=== DATA FOR PROCESSING ===
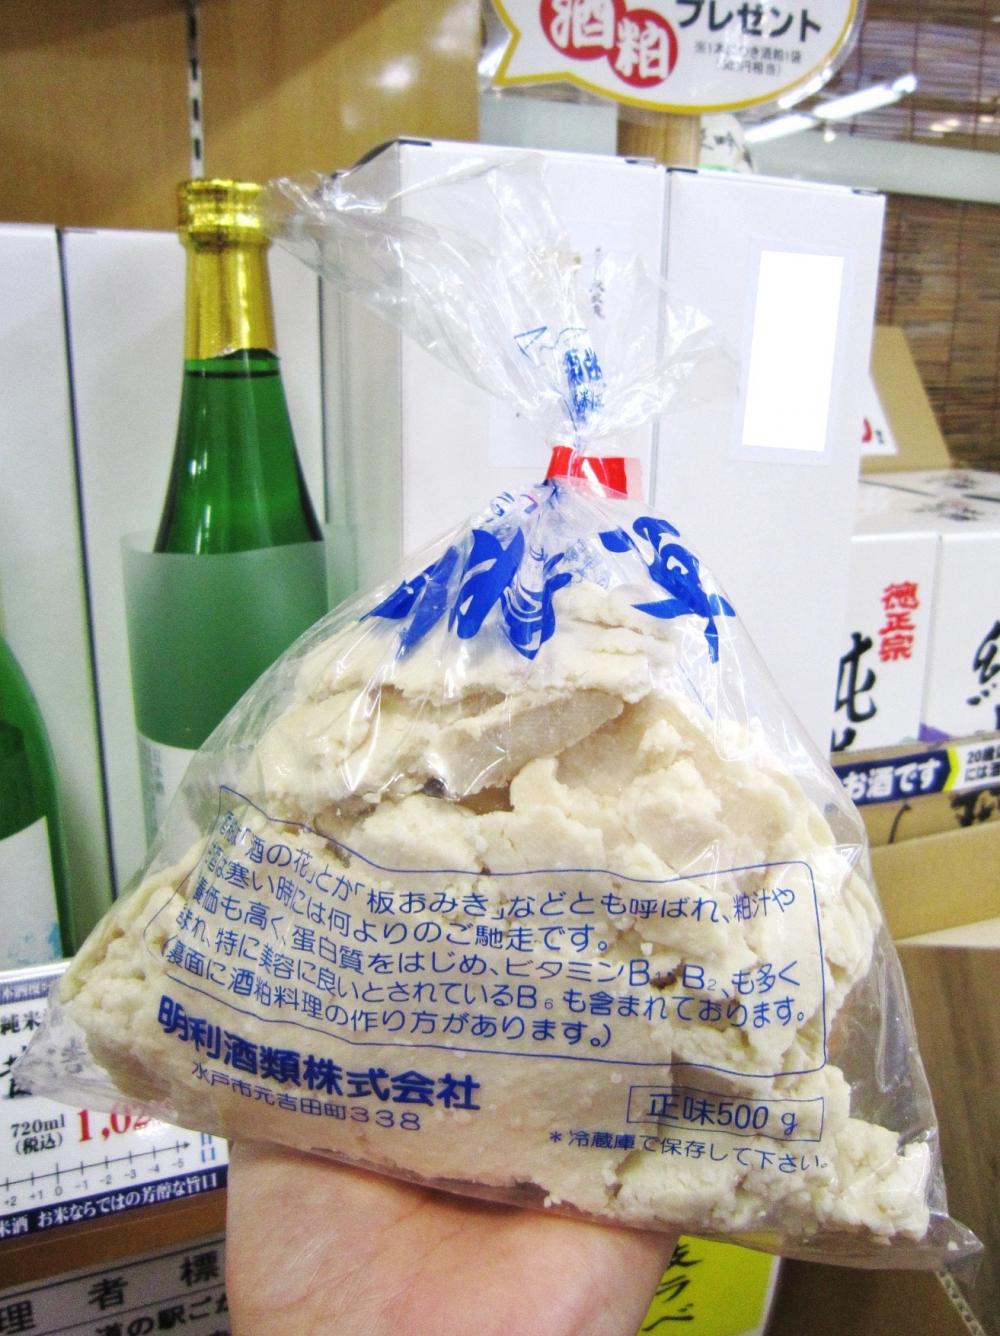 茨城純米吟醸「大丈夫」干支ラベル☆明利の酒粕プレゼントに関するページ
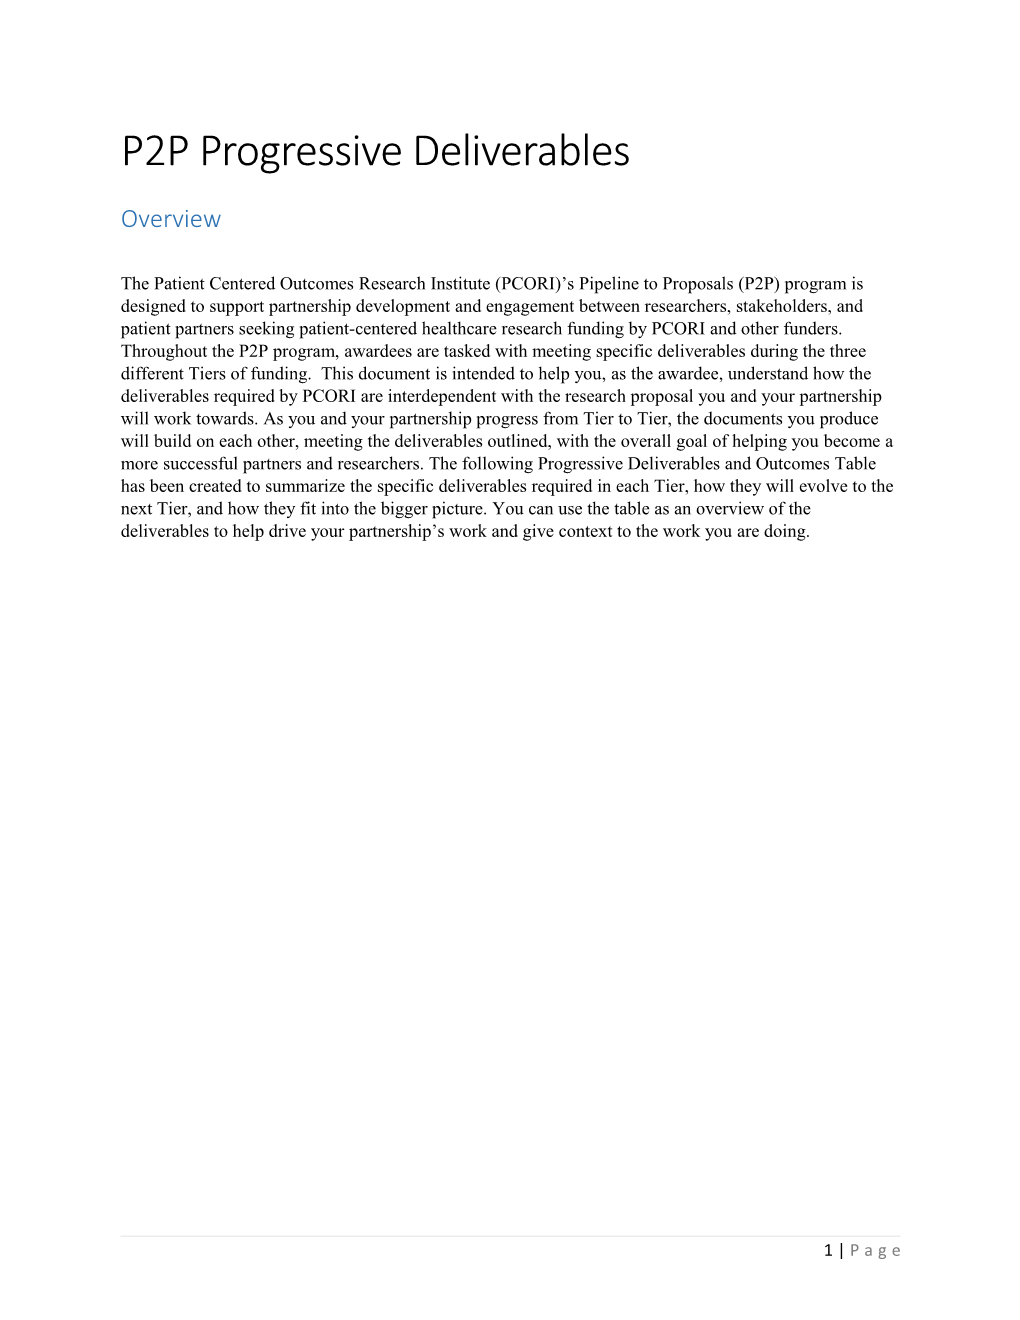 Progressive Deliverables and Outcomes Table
===
=== DATA FOR PROCESSING ===
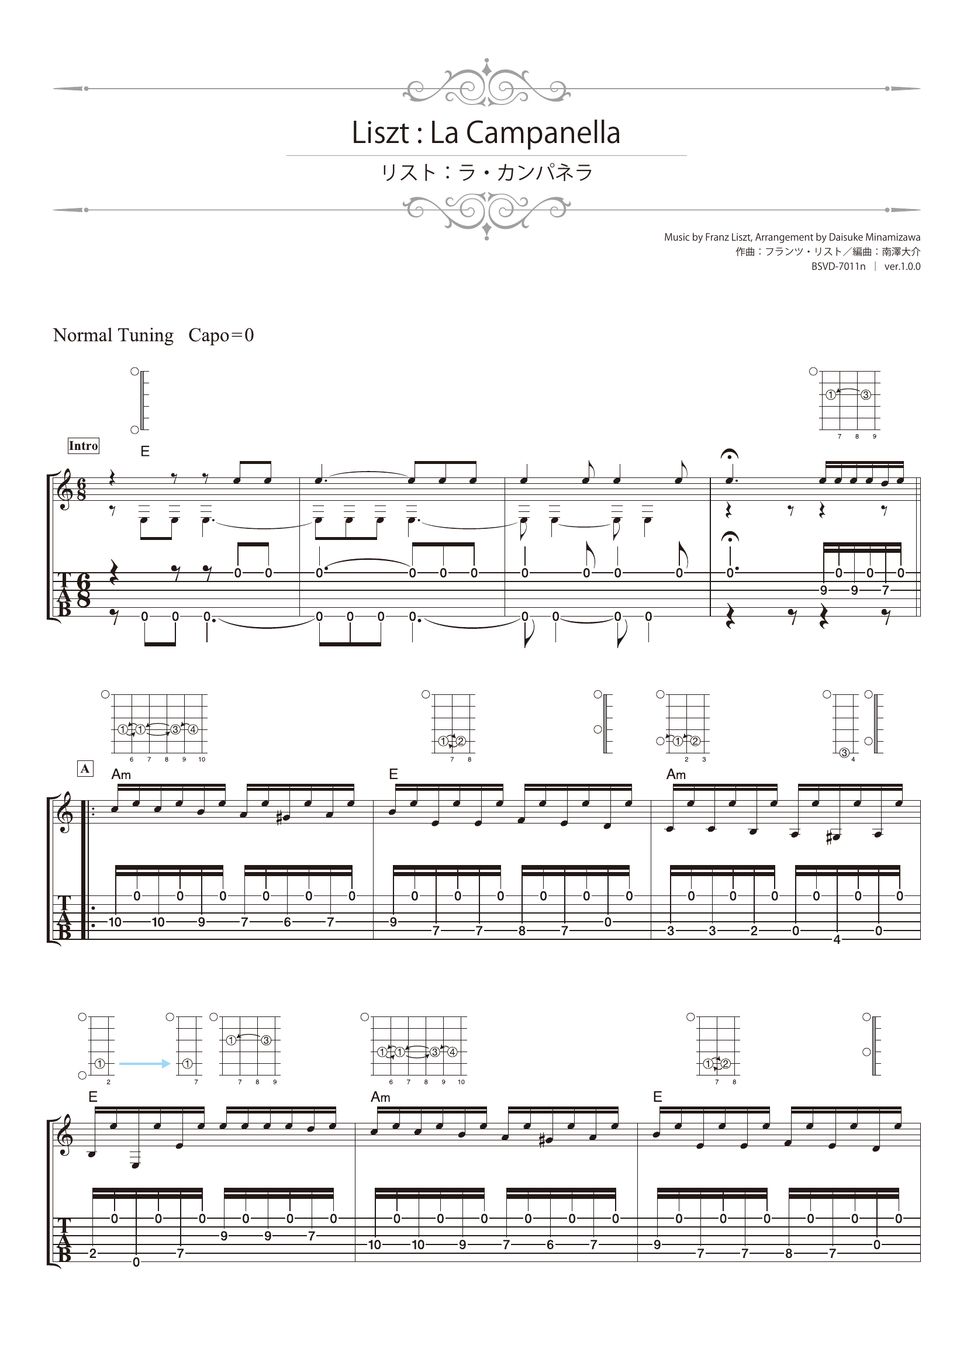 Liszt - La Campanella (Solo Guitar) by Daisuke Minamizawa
===
• _THE TASK_
Beginning with the line above that contains "茨城純米吟醸「大丈夫」干支ラベル☆明利の酒粕プレゼントに関するページ" and finishing with the line that contains "Progressive Deliverables and Outcomes Table", print those lines exactly and only. Skip all pictures.

• _SOLUTION TO THIS EXERCISE_
 茨城純米吟醸「大丈夫」干支ラベル☆明利の酒粕プレゼントに関するページ
 Progressive Deliverables and Outcomes Table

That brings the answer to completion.